The talk is part of the Library's Invisible Histories series, and follows an inspiring talk by the F-Word music editor Cazz Blase on women's motivations for publishing magazines and fanzines, from punk and post-punk era zines such as City Fun to the Riot Grrrl scene. Cazz's talk included an intriguing reference to Moss Side Community Press Women's Co-op, which was active in the 1970s  (find out more about the history of radical and community printing collectives and co-operatives on this fascinating website).

More information about my talk:

Woman's Outlook – a surprisingly modern magazine? 

For nearly five decades, Woman’s Outlook was the voice of the Co-operative Women’s Guild, the campaigning organisation which worked to raise the status of women both in the co-operative movement and in society, and its onetime editor Mary Stott later became a longstanding editor of the Guardian women’s pages.

From its origins in Manchester in 1919, Outlook provided an enticing mixture of articles addressing both the personal and the political, combining fashion, fiction, features and recipes with advice for working women – in many ways, not dissimilar to the content of women’s magazines today!

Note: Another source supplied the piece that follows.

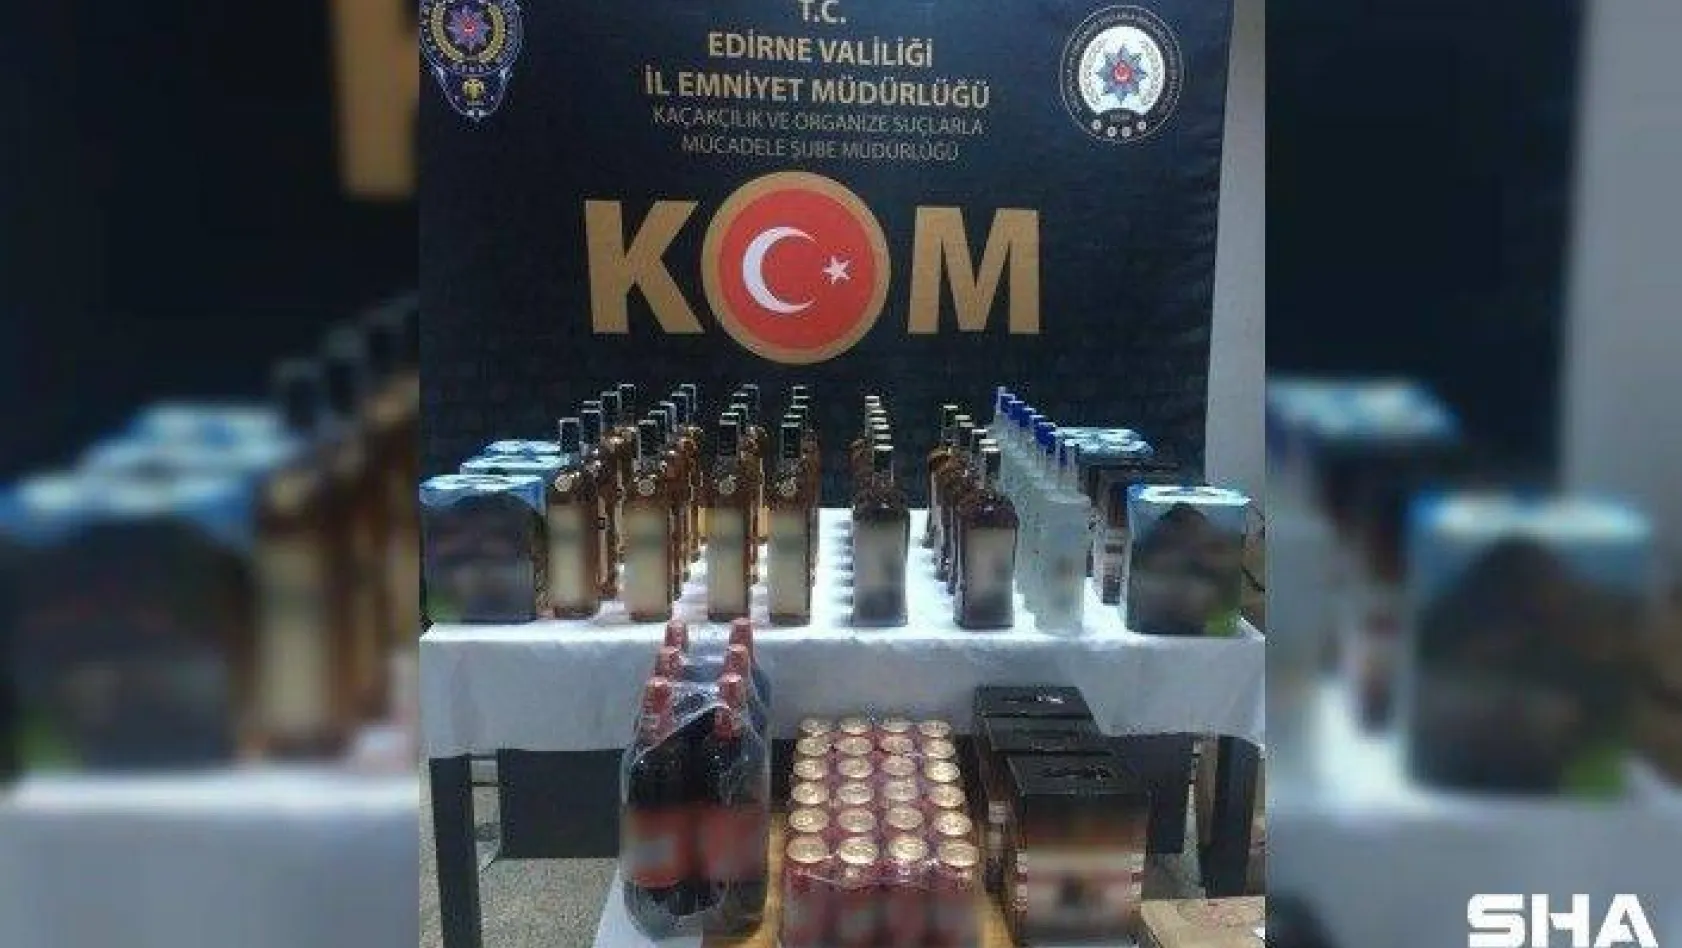 Edirne'de durdurulan otomobilde 82 şişe kaçak içki ele geçirildi

Woman’s Outlook: a surprisingly modern magazine?’ will explore some of the key issues addressed in Outlook, and look at how the magazine encouraged women to get involved in campaigning for a better world. Topics covered by Outlook such as women's representation in parliament, equal pay and healthy eating remain highly relevant today, and the talk will end by considering whether the type of content provided by 21st century women’s lifestyle magazines has really changed much since the days of Outlook.

Sunday, 19 May 2013

Swandown DVD review

I was recently asked by the Cornerhouse if I would be interested in reviewing the DVD release of Swandown, which was one of my favourite films of last year (it premiered at the Cornerhouse as part of Abandon Normal Devices festival). As a big fan of both canals and director Andrew Kötting, I was happy to take up the chance to watch the film again.

Swandown review

In autumn 2011, writer Iain Sinclair and film-maker Andrew Kötting set off on a 160 mile voyage from the seaside town of Hastings, East Sussex, to inner-city Hackney in east London, site of the 2012 Olympics. Neither are strangers to the ripe themes of English coastal towns or epic journeys: Kötting previously directed the experimental coastal travelogue Gallivant, whilst Sinclair, who resides partly in Hackney, partly in St Leonards-on-Sea (next to Hastings), is perhaps best known for his book London Orbital, a pyschogeographic exploration of London's M25 motorway. What made the journey remarkable was that it was made by the two men in a cartoonishly oversized craft, a swan pedalo named Edith in honour of poet Edith Sitwell, liberated from Hastings' seashore-facing 'Swan Lake' in the name of 'releasing a trapped soul of the sea'. The resulting film, Swandown, is a dreamlike, fragmentary evocation of their unlikely, ambitious journey and the two men's friendship, as seen from 'silly little canals and creeks and horrible English muddy places' (Sinclair) in the closing light of an Indian summer.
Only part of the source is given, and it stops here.